What is the type of the empty list in ML?

I was wondering what exactly the type of the empty list is in SML (I'm using PolyML)? When I type [] into the interpreter, I get out:

val it = []: 'a list

which is what I would expect. But then, if I were to type in say:

fun f a = if a = 0 then [] else [[]];

then I get:

val f = fn: int -> 'a list list

which would seem to imply that [] has the type 'a list list also. How exactly does this work?

Solution

In ML terminology, a value has a type scheme, not a type. A type scheme is a collection of types. It's a type with wildcards, and the wildcards can be replaced by any type. Replacing the wildcards by types is called instantiating the type scheme.

In 'a list, 'a is a type variable, i.e. a wildcard. The empty list [] can be used at any type that is an instance of the type scheme 'a list. That is, for any type T, the empty list has the type T list. For example, the empty list has the type int list and the type bool list and the type (int * int * int) list and the type int list list and so on. All of these types are instances of the type scheme 'a list.

When a variable occurs multiple times, it must be replaced consistently. For example fn x => x (the identity function) has the type scheme 'a -> 'a; it has the type int -> int and the type bool -> bool but not the type int -> bool. A value with the type scheme 'a -> 'b would have the type int -> bool as well.

A value can have multiple types — this is a common phenomenon in programming languages. It is a property of the core ML language that the set of types of a well-typed value is exactly the set of instances of a type scheme. This property is called principality: the type system of ML is principal. Concrete implementations of ML tend to have exceptions to principality; for example SML has an exception due to the overloading of operators (fn x => x + x has the two types int -> int and float -> float, and the overloading resolution rules cause the compiler to decide on int -> int if the context does not impose float).
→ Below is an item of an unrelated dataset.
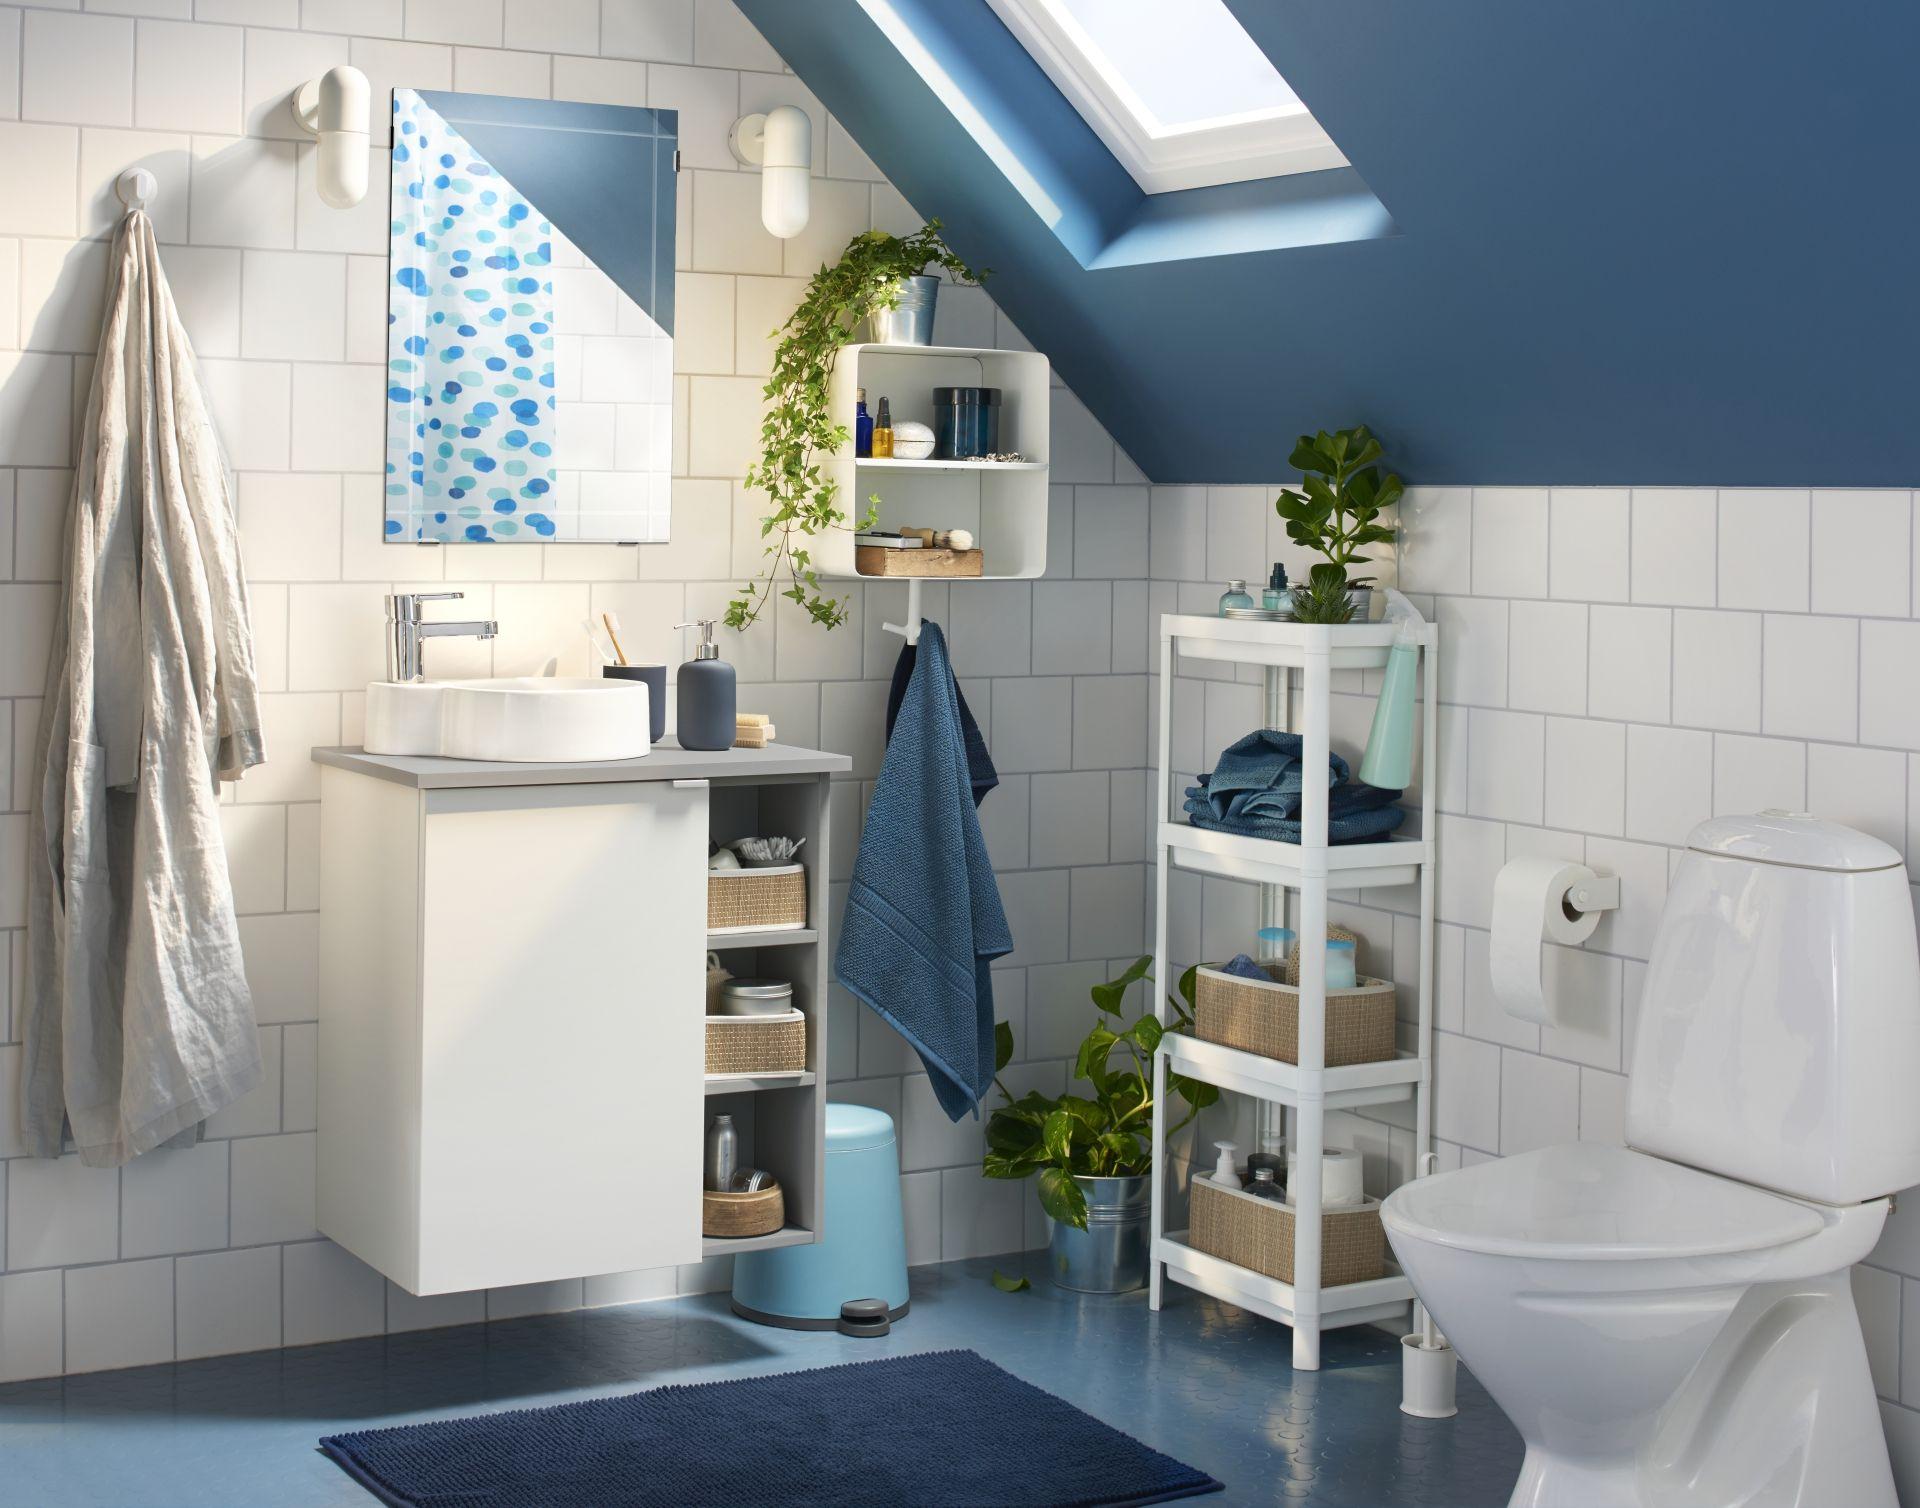 Nederland Design badkamer, Badkamer verbouwen en

A value whose principal type scheme contains at least one variable is said to be polymorphic. A value whose principal type scheme does not contain variables is said to be monomorphic.

A wildcard can be replaced by a type scheme. This yields another type scheme which is a subset of the original collection, i.e. the type scheme is a smaller type scheme (a refinement) of the original. For example the value [[]] has the type scheme 'a list list: it has the type T list list for any type T. [[]] has the type int list list and the type bool list list and the type (int * int * int) list list etc.

In literature about ML, “type” is often used interchangeably with “type scheme”, so it's usual to say that “the empty list has the type 'a list”. In literature about type systems, “type” often means what ML terminology calls “type scheme”, and other terms such as “ground type” are used for a type without variables.